Source data.
- - -

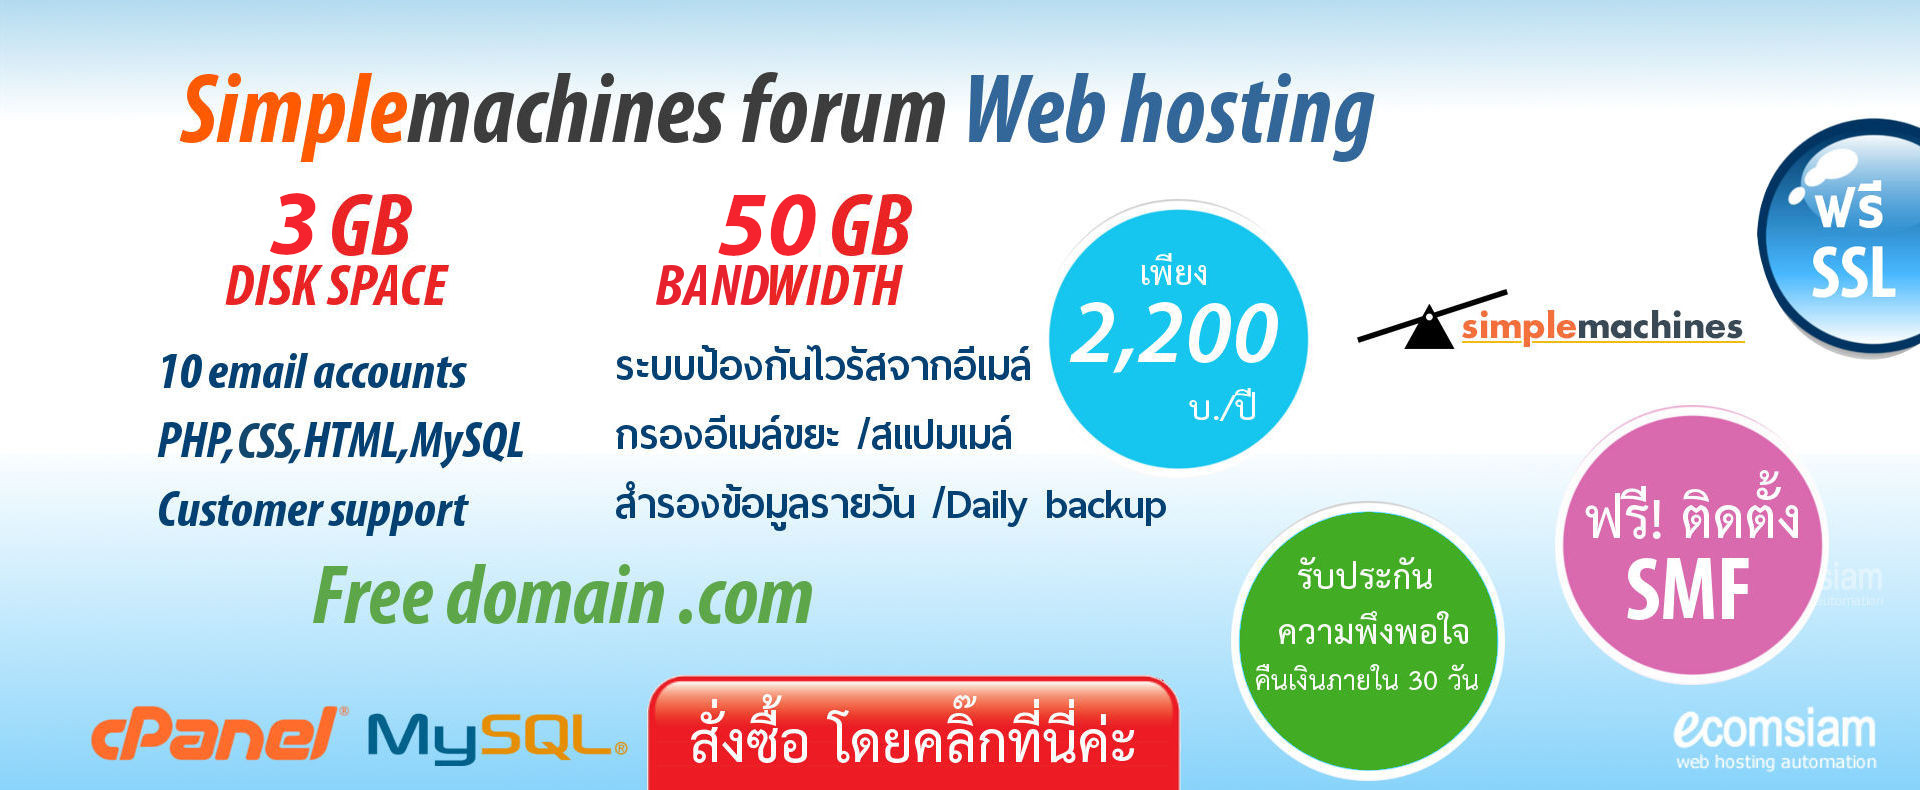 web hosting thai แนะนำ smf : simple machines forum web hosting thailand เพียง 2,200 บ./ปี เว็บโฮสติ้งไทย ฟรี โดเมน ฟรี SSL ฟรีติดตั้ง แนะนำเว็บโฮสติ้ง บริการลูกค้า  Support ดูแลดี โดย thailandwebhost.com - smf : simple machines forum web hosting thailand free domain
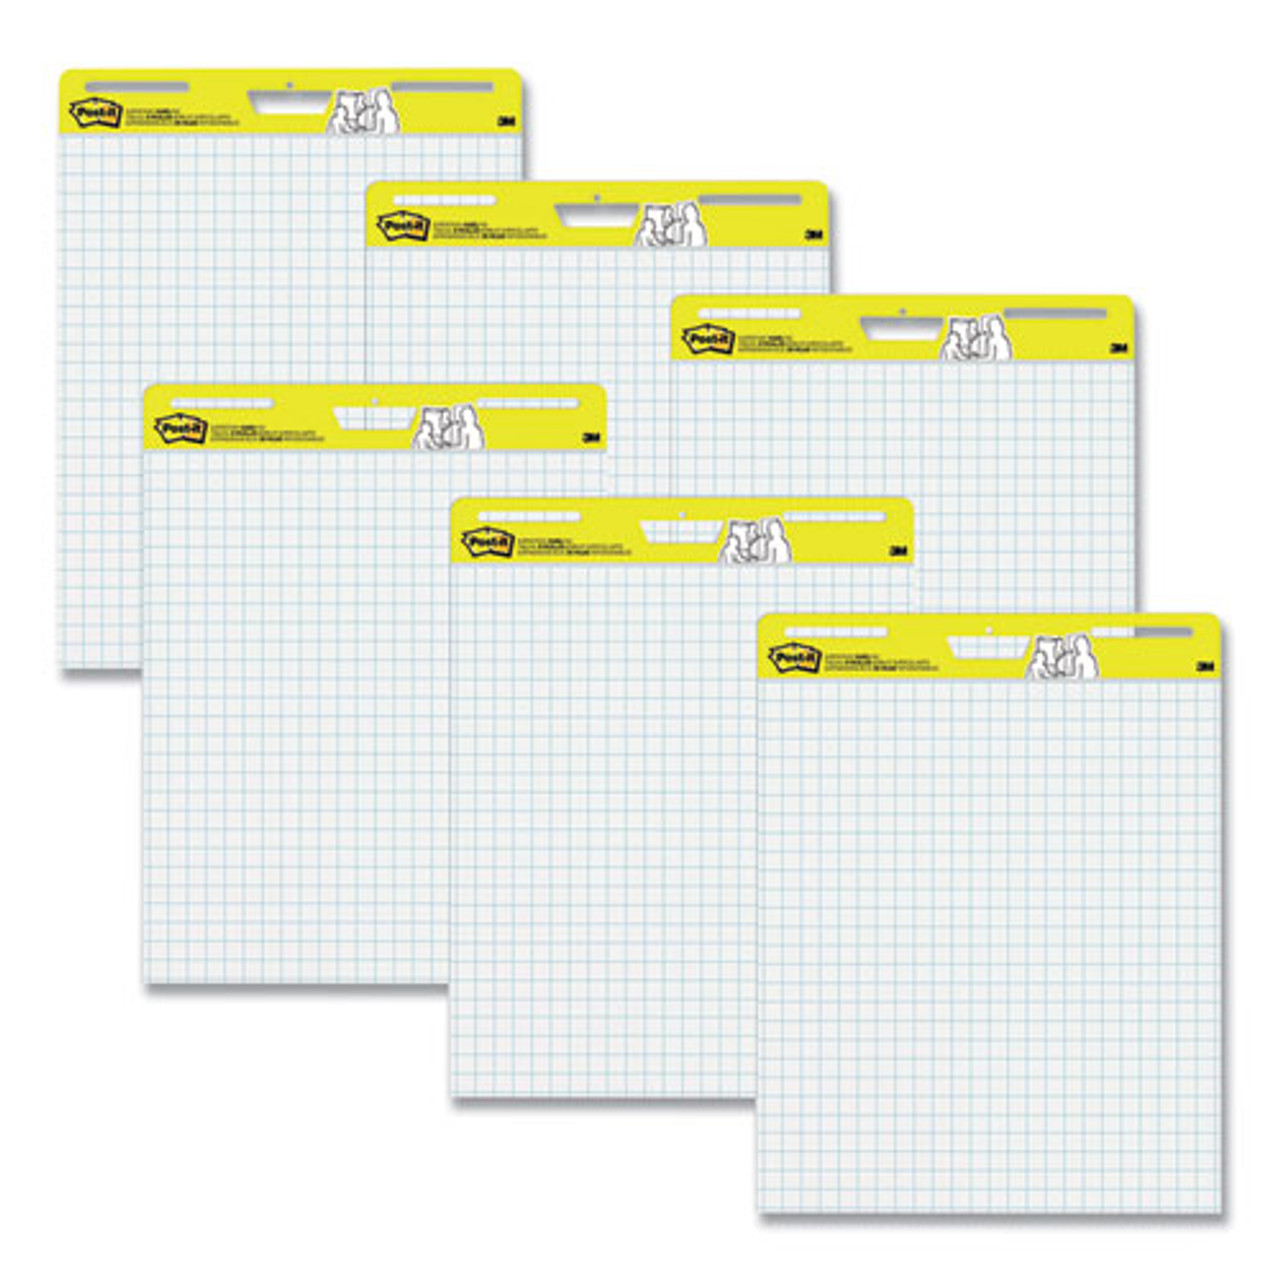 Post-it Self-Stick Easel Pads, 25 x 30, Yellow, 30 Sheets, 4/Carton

- - -

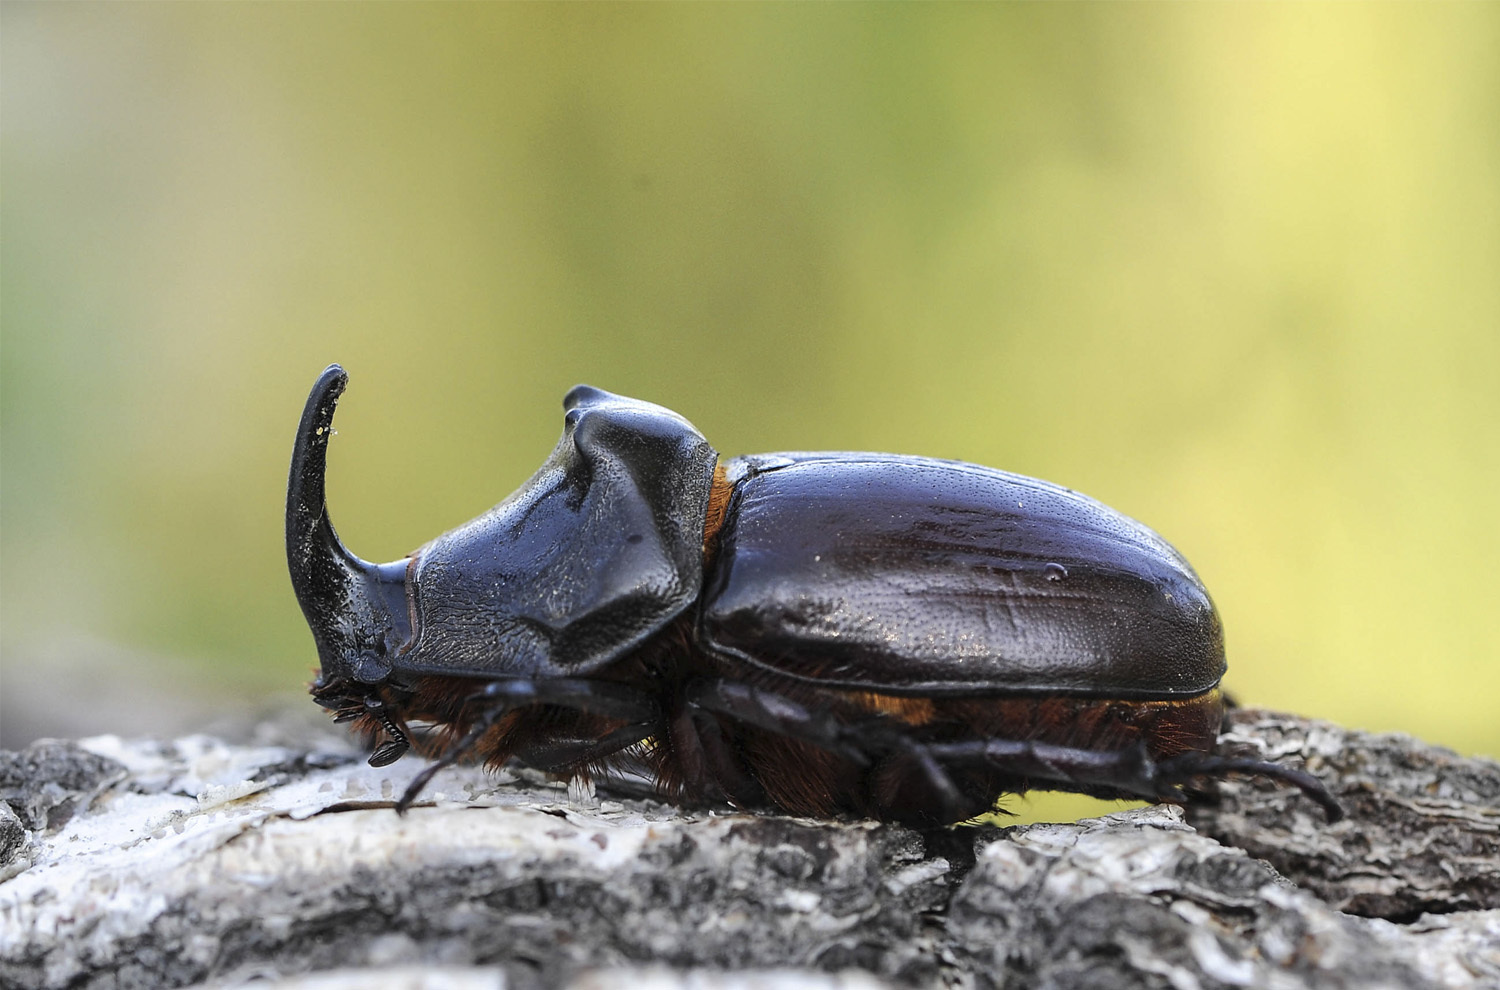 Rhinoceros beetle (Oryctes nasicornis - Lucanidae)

- - -

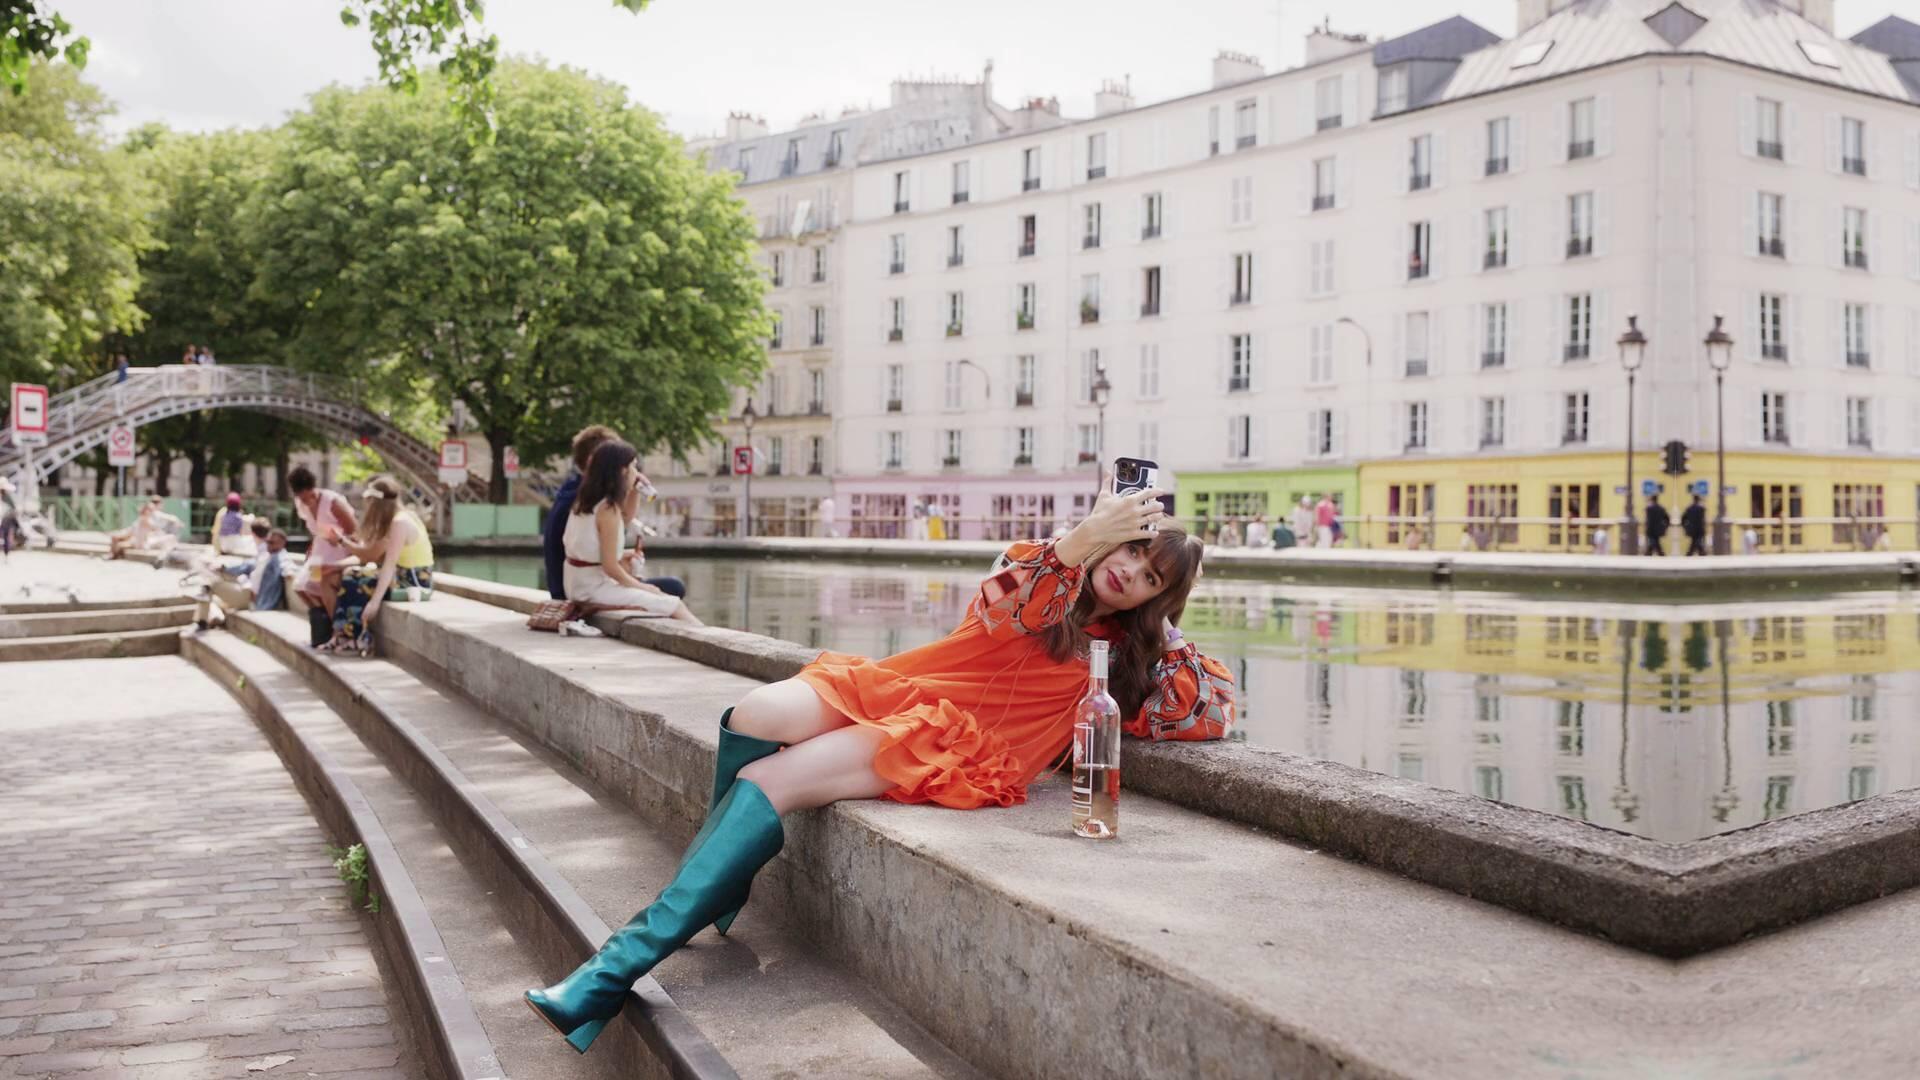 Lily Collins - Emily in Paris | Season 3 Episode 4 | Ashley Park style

- - -

What needs to be done.
Once the line with "web hosting thai แนะนำ" has been found above, output that line and every later line exactly, stopping after the line with "Post-it Self-Stick Easel", and omit the pictures.

Output.
 web hosting thai แนะนำ smf : simple machines forum web hosting thailand เพียง 2,200 บ./ปี เว็บโฮสติ้งไทย ฟรี โดเมน ฟรี SSL ฟรีติดตั้ง แนะนำเว็บโฮสติ้ง บริการลูกค้า  Support ดูแลดี โดย thailandwebhost.com - smf : simple machines forum web hosting thailand free domain
 Post-it Self-Stick Easel Pads, 25 x 30, Yellow, 30 Sheets, 4/Carton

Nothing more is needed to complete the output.